My Women are Tabla & Qanoun
by Nur Turkmani
I could swear I was born in Cairo,
breastfed from the Nile –
look at my blood when I dance to sha3bi music,
how it turns to river.
After reading Naguib Mahfouz’s Palace of Desire,
I wore blue eyeshadow & pink jalabiya & khilkhal.
I married five men like Fifi Abdo
& killed them all in my sleep
then stepped into a cabaret, down the corner,
to dance for the women my women,
you are tabla & qanoun
you are silver coins on my waist
you are black hair smelling of sunsilk shampoo
you are white tarboush & blue misbaha
on the hands of one khalto starting the dabkeh
& another praying to God.
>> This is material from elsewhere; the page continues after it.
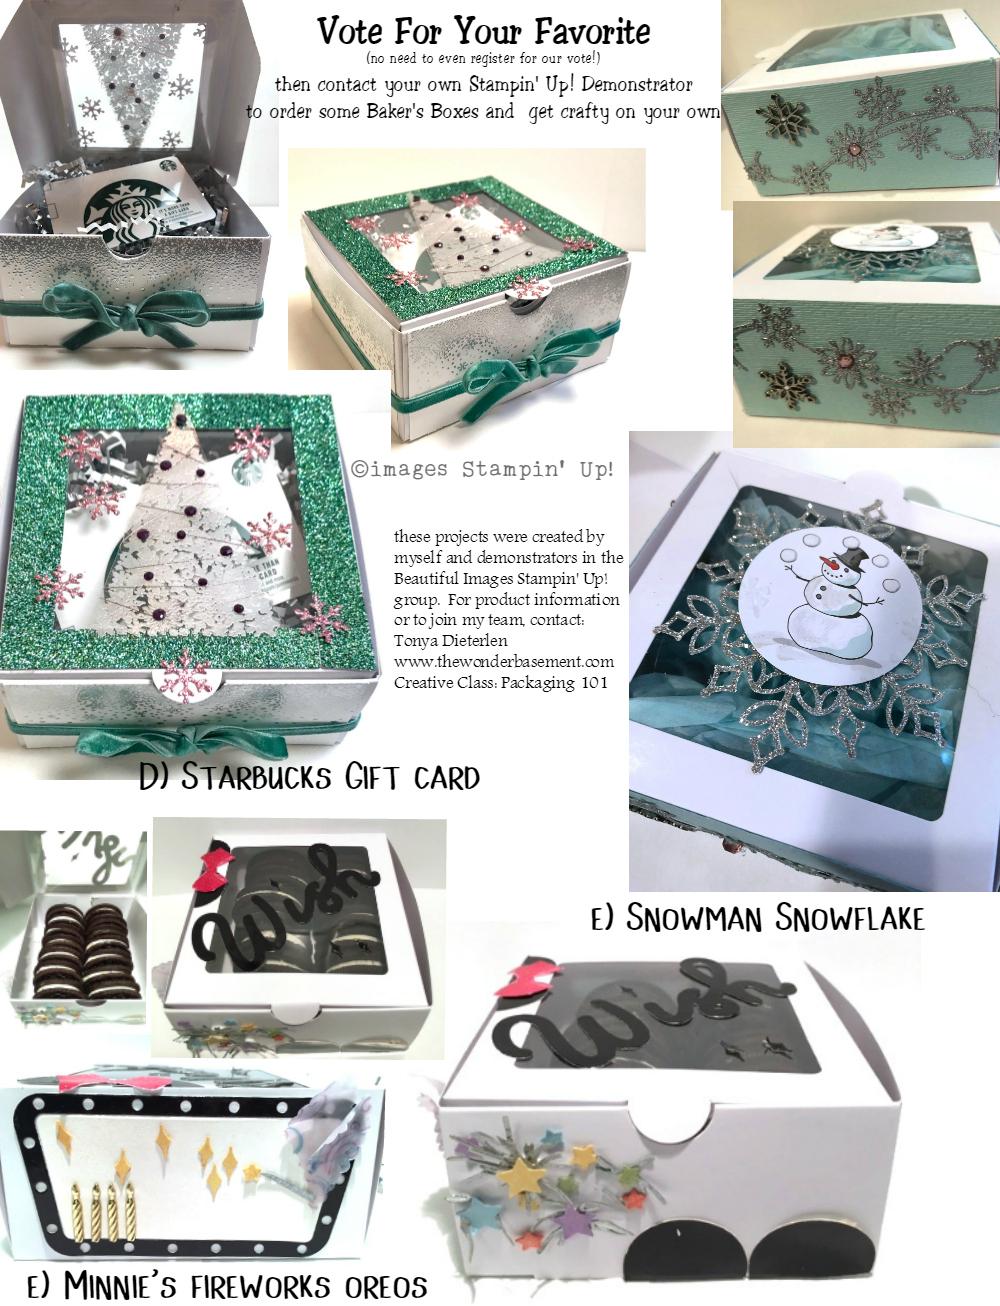 D. Starbucks Gift Card  E. Snowman Snowflake  F.Minnie's Firework Oreos

My women,
I count your 99 names under my breath
& dream of a city created in your image.
I know what you’ll tell me at midnight:
Cairo is not the same & they’ve closed up
the casinos. You’re right, a whole world,
it’s changing maybe for the worse maybe not
but yesterday, did we not dance
to Souad Hosny on the rooftop,
did you not see the young girls clap
for their newly wed friend?
Is Oum Kolthoum not bursting
from the camps & cab drivers —
have you heard Maryam Saleh’s song,
didn’t you just want to love to it?
Morning will come & we will stitch
rhinestones onto bras. You will hang
your purple underwear to dry & wink at me
like a secret right before the women,
our women, tickle you to curl your small finger
to migrating clouds, to move with them
like birds in flight.
Nur Turkmani is a Lebanese-Syrian researcher based in Beirut, focusing on economic development, gender dynamics, and uprisings in the Middle East. She is the Managing Editor of Rusted Radishes: Beirut Art and Literary Journal's website. Her poem "Body Parts" was a runner-up for the Barjeel Poetry Prize. She is currently working on a short story collection while studying creative writing at the University of Oxford.